The ability to fight or flee from a threat relies on an acute adrenergic surge that augments cardiac output, which is dependent on increased cardiac contractility and heart rate. This cardiac response depends on β-adrenergic-initiated reversal of the small RGK G protein Rad-mediated inhibition of voltage-gated calcium channels (CaV) acting through the Cavβ subunit. Here, we investigate how Rad couples phosphorylation to augmented Ca2+ influx and increased cardiac contraction. We show that reversal required phosphorylation of Ser272 and Ser300 within Rad's polybasic, hydrophobic C-terminal domain (CTD). Phosphorylation of Ser25 and Ser38 in Rad's N-terminal domain (NTD) alone was ineffective. Phosphorylation of Ser272 and Ser300 or the addition of 4 Asp residues to the CTD reduced Rad's association with the negatively charged, cytoplasmic plasmalemmal surface and with CaVβ, even in the absence of CaVα, measured here by FRET. Addition of a posttranslationally prenylated CAAX motif to Rad's C-terminus, which constitutively tethers Rad to the membrane, prevented the physiological and biochemical effects of both phosphorylation and Asp substitution. Thus, dissociation of Rad from the sarcolemma, and consequently from CaVβ, is sufficient for sympathetic upregulation of Ca2+ currents.

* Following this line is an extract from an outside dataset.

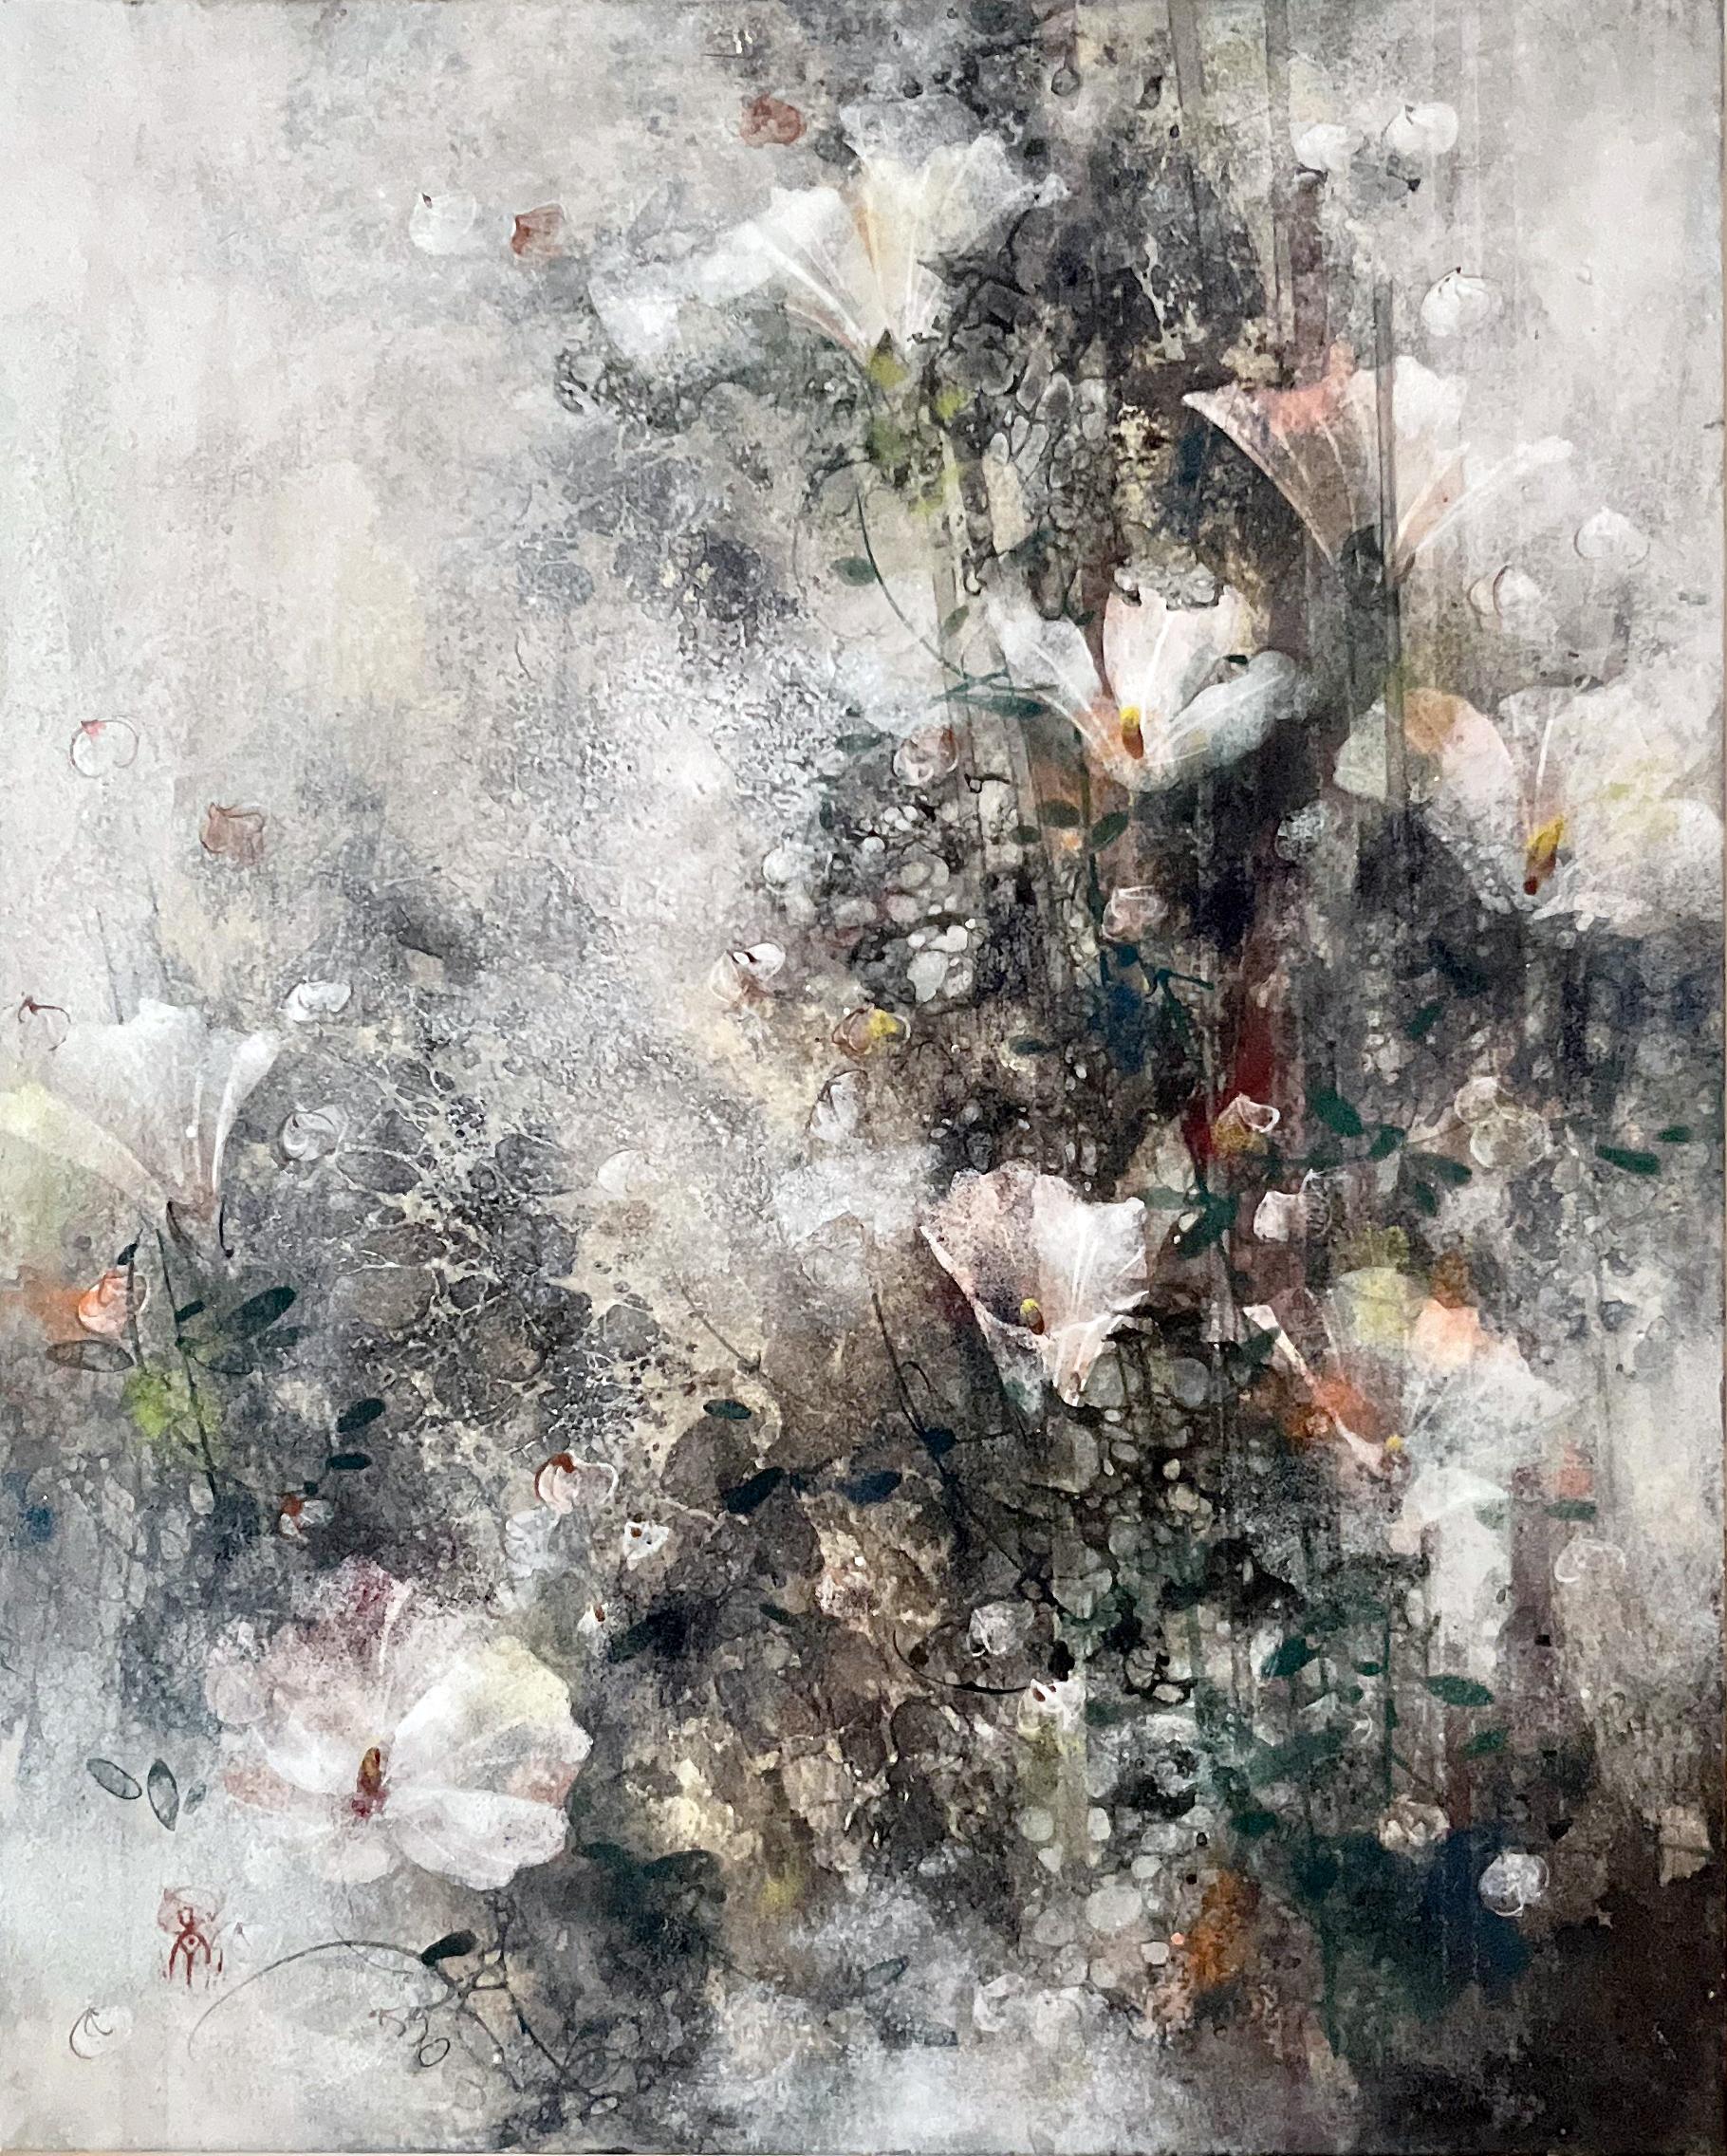 Flachsfeld von Chen Yiching - Zeitgenössische Nihonga-Malerei, Blumen, Pigmente

Papa et al. (Tue,) conducted a other in Cardiac calcium channel regulation. Rad phosphorylation (Ser272 and Ser300) was evaluated on Rad association with plasmalemmal surface and CaVβ. Phosphorylation of Ser272 and Ser300 in Rad's C-terminal domain causes its dissociation from the sarcolemma and CaVβ, enabling sympathetic upregulation of cardiac calcium currents.